Describe the changes to the compiler for dynamic typing.

Add the Any type to the typechecker (add as an AnyT dataclass); add typing for inject and project.

Two new passes:
1. `cast_insert`: adds the casts above (inject and project). Put it before the typecheker (because you can't typecheck a program that is dynamically typed). The output of this pass is `Lany`
2. `reveal_casts` compiles the casts into lower-level primitives. Put it after RCO, because it introduces new control flow.

Structure of both passes is similar to RCO.

The reveal casts pass compiles project and inject:
1. Project compiles into an if statement that checks if the tag is correct and returns the value if so; otherwise it exits the program.
2. Inject compiles into the `make_any` primitive that attaches a tag (select instructions will compile it further)

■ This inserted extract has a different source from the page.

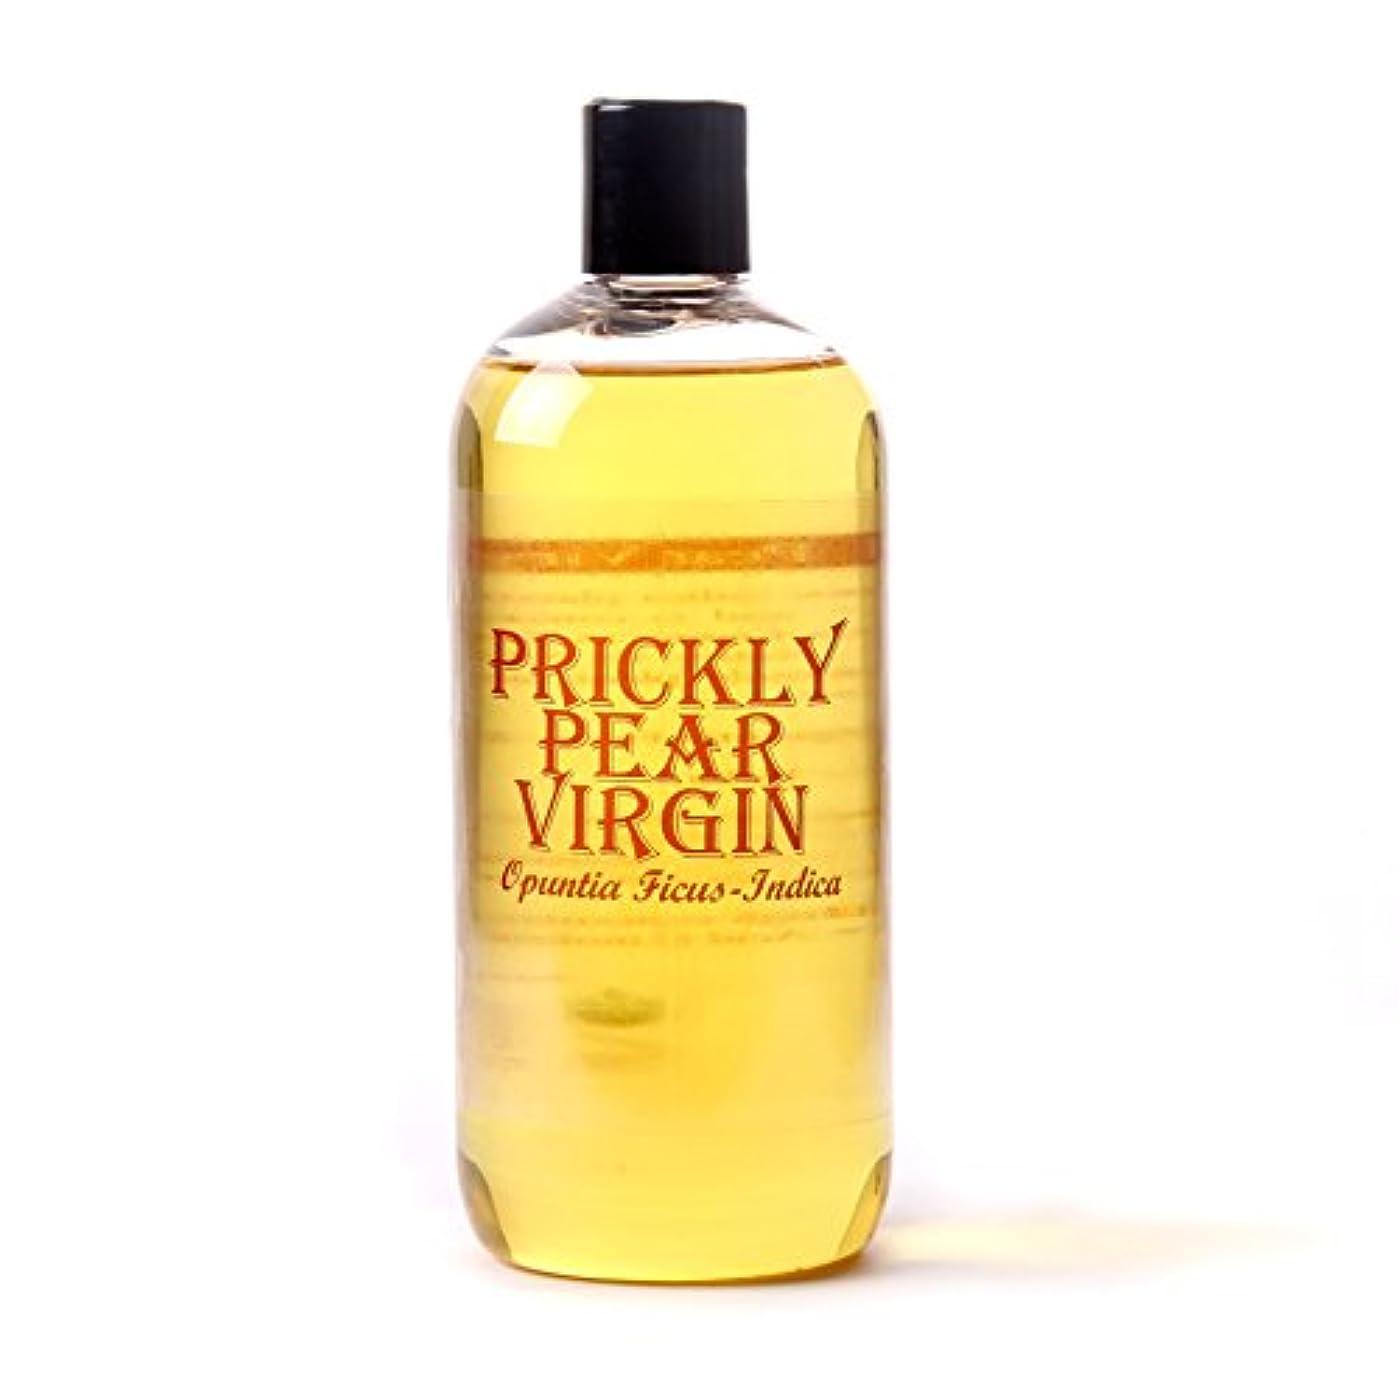 傾向がありますずんぐりした無秩序Prickly Pear Virgin Carrier Oil - 100% Pure - 500ml

For part #1: use two primitives: `tag_of_any` and `value_of`
- `tag_of` returns the tag of a vaue of type `Any`
- `value_of` returns the value of a value of type `Any`

For `x = project(y, int)`:
We produce 

```py
if tag_of(y) == 1:
  x = value_of(y)
else:
  exit()
```

Can calculate the tag value at compile time (use the tag from section 10.2 in the book; convert to decimal values). We will deal with the three remaining new primitives in select instructions.


## Question 12

Write assembly language instructions for the following `Cany` statements. Reference Section 10.9 in the textbook.

1. `x = make_any(5, 1)`
2. `tmp_4 = tag_of(x)`
3. `tmp_1 = value_of(x)`

We will compile these into assembly instructions in the select instructions pass (one new case in si_stmt per primitive).

1. `make_any` adds the tag: shifts the value 3 bits to the left, then adds the tag to the value.

`x = make_any(5, 1)`

```
salq $3, #x -- shift left by 3 bits
orq $1, #x -- add the tag
```

2. `tag_of` gets JUST the tag piece of a tagged value

`tmp_4 = tag_of(x)`

```
movq #x, %tmp_4 -- copy the tagged value to the destination
addq $7, %tmp_4 -- erase everything except the tag (7 = 0b111)
```

3. `value_of` gets JUST the value piece of a tagged value

`tmp_1 = value_of(x)`

```
movq #x, %tmp_1 -- copy the tagged value to the destination
sarq $3, %tmp_1 -- shift right by 3 bits, erasing the tag
```

For the exit primitive, you can jump to `main_conclusion` (which is the end of the program).

## Question 13

What impact will these changes have on the performance of our compiled code? What would happen if we skipped this new code?

Think about a simple addition: `x = a + b`

In our statically-typed language, this turns into a single addq instruction.

In the dynamically-typed language, it turns into:
- At least two if statement
- At least three shifts

Each of these extra operations adds overhead. What was 1 instruction now might be more like 10-20 instructions. This has a huge impact on performance, sometimes >10x.

This is one reason dynamically-typed programing languages have a reputation for being slow. (the other is that they are often implemented using interpreters).

This seems super bad! One implications is that you can view typing as a performance optimization.

Options:
1. skip checks. Outcome can be: operate on the byte-level representation of a value, while considering it to represent the wrong type. (e.g. f + 5 where f is a function) This is basically what C does.
2. Use a fancy compiler, like a just-in-time compiler (JIT). A JIT compiles code to native x86 assembly *at runtime*. The reason is that at runtime, you know the values of all inputs to a piece of code. That means that you also know the types.

So you can produce code without run-time checks, even for a dynamically-typed language.